Artist: Mark Dresser Trio

Album: Aquifer

Label: Cryptogramophone

Review date: Mar. 31, 2002

Dresser Trio Crafts Evocative, Cinematic Jazz


I’m sure plenty of avant-jazz records have been made with the flute/piano/bass line-up, but offhand I can’t think of any, and maybe there's a reason for that, besides the practical one that most jazz flautists also play sax. Bass, piano and flute are almost comically different from one another in a number of important ways, such as range, timbre, and attack (the initial sound heard when a note is played). Although it’s reductionist, a useful criterion for judging Mark Dresser's new Aquifer might be the following: A successful flute-piano-bass record necessitates either a unique approach to orchestration or a willingness to present the differences among the instruments in a humorous way.

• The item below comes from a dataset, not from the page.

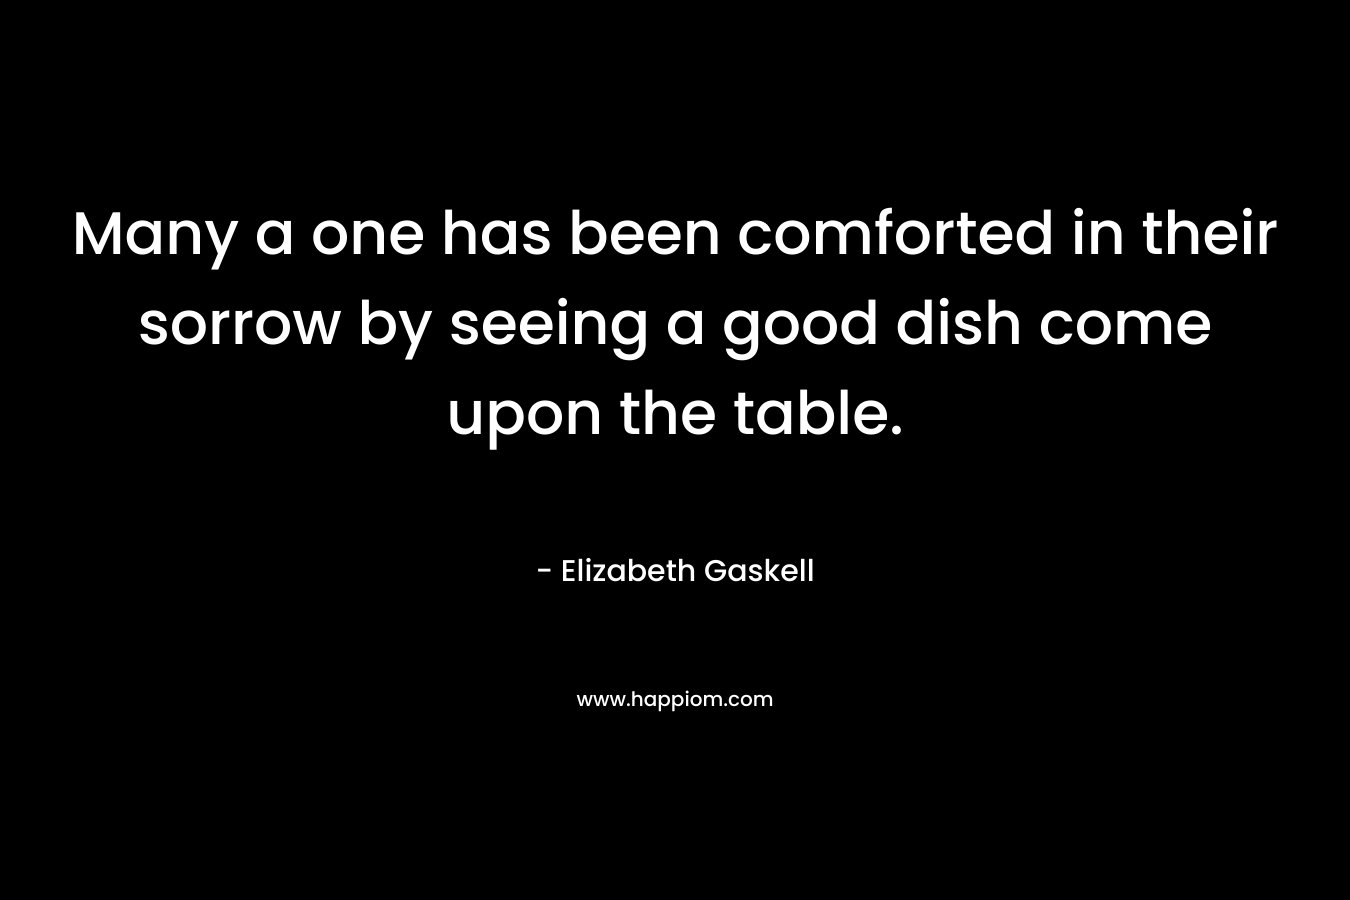 Many a one has been comforted in their sorrow by seeing a good dish come upon the table.

Aquifer isn't overtly humorous, so the first part of the criterion is the more relevant one here. If Dresser was thinking as much about orchestration as I am, he could hardly have picked better players: Ziegler coaxes a surprising array of sounds from a wide variety of traditional and nontraditional flutes, and Maroney is capable of unbelievably bizarre and eerie noises at the piano. Dresser, who's played with Tim Berne, Anthony Davis and most famously in Anthony Braxton's '80s quartet with Marilyn Crispell and Gerry Hemingway, is himself a fantastic bassist who's mastered the extended technique of his instrument by way of free jazz and the postwar avant-garde.

Unfortunately, on a few tracks, the musicians assume their instruments' typical roles. The playing is uniformly excellent and the melodic lines are spindly and surprising, and conventional swinging isn't necessarily a bad thing when it's done as well as it is here. But it's hard to get past the unusual line-up: the flute sounds a bit too graceful atop the waddling thump of the bass. Maroney tries to negotiate between the two, but the sound of a traditionally played piano is so different from either instrument that it feels like he's not speaking their dialect.

More successful-- and far more frequent-- are the tracks where the musicians stretch the boundaries of their instruments so far it's hard to tell who's playing what. The calisthenics are displayed brilliantly on the album's ghostly centerpiece, "Sonomatopoeia". Here, Ziegler plays weird staccato thwaps and otherworldly alto- and bass flute lines; Maroney's piano sounds first like a high-pitched harp, then like the clangs of a sheet-metal factory; and Dresser plays high-pitched plucks that sound like Derek Bailey's guitar, then bows rough lines that sound like the groans of a seasick old man. The music is evocative, even cinematic, and the textures—if not the individual notes—seem tightly scripted. This style of jazz probably leaves too little to chance for some improvisers, but there’s plenty of fertile ground here, and Dresser is plowing a space of his own.